The Ashen were caught in a vice between the Minbari forces on one side and the Federation's on the other. Although the Ashen ships were somewhat superior to the Minbari, with such odds against them, it made little difference. In the end Ashen passion overruled what little tactical strategy they possessed. They came tearing at the throats of the Federation while all but ignoring their Minbari brothers following in their wake. The battle was swift, bloody and decisive as the Ashen were wiped out to the last ship. Not one of them retreated or surrendered, not that the Minbari allowed them to. Ironically, history had in some ways repeated itself once more.
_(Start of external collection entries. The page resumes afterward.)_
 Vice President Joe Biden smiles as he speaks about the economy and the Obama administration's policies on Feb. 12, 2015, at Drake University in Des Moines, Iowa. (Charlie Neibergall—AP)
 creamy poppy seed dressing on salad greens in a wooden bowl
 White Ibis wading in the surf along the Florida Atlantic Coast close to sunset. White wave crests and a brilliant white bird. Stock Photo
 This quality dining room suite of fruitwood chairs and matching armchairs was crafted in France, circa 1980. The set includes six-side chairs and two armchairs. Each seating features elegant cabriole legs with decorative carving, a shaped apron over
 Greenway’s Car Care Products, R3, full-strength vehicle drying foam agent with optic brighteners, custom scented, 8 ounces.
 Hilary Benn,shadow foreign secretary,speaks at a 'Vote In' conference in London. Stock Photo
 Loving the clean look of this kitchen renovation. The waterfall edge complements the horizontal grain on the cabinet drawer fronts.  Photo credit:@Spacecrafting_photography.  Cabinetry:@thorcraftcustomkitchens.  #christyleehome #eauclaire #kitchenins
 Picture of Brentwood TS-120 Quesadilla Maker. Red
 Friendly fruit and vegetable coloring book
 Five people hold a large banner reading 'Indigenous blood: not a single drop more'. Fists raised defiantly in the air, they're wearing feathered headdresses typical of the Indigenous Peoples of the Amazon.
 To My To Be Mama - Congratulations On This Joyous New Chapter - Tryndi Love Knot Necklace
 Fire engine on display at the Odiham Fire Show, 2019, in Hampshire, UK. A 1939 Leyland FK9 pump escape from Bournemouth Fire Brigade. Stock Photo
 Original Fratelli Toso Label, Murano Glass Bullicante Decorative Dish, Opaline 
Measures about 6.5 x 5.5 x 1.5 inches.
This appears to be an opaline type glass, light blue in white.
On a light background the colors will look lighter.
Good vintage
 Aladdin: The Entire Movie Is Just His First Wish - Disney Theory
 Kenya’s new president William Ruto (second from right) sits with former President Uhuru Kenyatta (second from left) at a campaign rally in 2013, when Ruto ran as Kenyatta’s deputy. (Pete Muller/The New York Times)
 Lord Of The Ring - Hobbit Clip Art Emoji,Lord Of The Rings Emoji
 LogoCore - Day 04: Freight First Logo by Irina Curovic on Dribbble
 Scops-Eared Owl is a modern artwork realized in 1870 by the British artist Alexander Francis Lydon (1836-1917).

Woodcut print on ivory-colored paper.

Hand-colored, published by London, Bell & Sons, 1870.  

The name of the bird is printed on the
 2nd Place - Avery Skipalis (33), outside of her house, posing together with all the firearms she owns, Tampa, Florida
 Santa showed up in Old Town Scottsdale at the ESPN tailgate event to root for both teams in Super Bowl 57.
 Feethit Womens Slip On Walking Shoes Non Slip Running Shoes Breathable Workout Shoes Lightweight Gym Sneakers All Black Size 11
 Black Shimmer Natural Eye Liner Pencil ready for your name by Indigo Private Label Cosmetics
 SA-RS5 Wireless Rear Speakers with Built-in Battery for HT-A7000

The Minbari castes had turned and destroyed the Ashen in a bloody conflict that had left no survivors. The Ashen would not, indeed, could not surrender. The Minbari had not offered any and the result was a vicious, forgone conclusion. Dispatching the Ashen, the surviving Minbari warships quickly retreated back to the planet, preparing to confront the other group of Ashen ships arriving at any time. Aware of the battle against their brethren, this time they would be prepared and the battle would be even bloodier than before.
Hyperspace, massively disrupted, still reeled from the effects of tri-cobalt device detonated not too far from the Minbari star system. Local hyperspace now a swirl of disrupted energy storms and vortices, was too dangerous to safely navigate and the Minbari were effectively trapped in their home system. The Minbari, drawn away from their home world, fighting their greatly hated brethren were frantically trying to redress their defenses of their planet before the Ashen reinforcements arrived. As the Ashen ships used a form of FTL that left their ships unaffected by the huge storms now raging in jump space, there was a real possibility that the Minbari fleet would be flanked.
They were trapped in a no-win scenario and ironically they were more concerned about their incoming insane brethren than they were with the alien fleet approaching.
USS Enterprise NCC-1701-A
From a distance Minbar looked almost peaceful. The huge polar caps could be seen clearly, reflecting the sunlight of the closest star making the world look as it were one huge crystal shining in the darkness. Although having far less water than Earth, the smallish oceans could be seen clearly appearing in some case like large lakes dotting the landscape. However the tranquil looks were deceiving. The planet wasn't tearing itself apart; the people were, gripped in a life and death struggle with their own.
Admiral James T. Kirk stared at the slaughter being played before him in all of its abysmal glory with a mixture of fascination and disgust. Lives were being butchered in front of him and he had chosen to do nothing so far to stop it. There was a cool calculation in his gaze as Tactical gave him updates.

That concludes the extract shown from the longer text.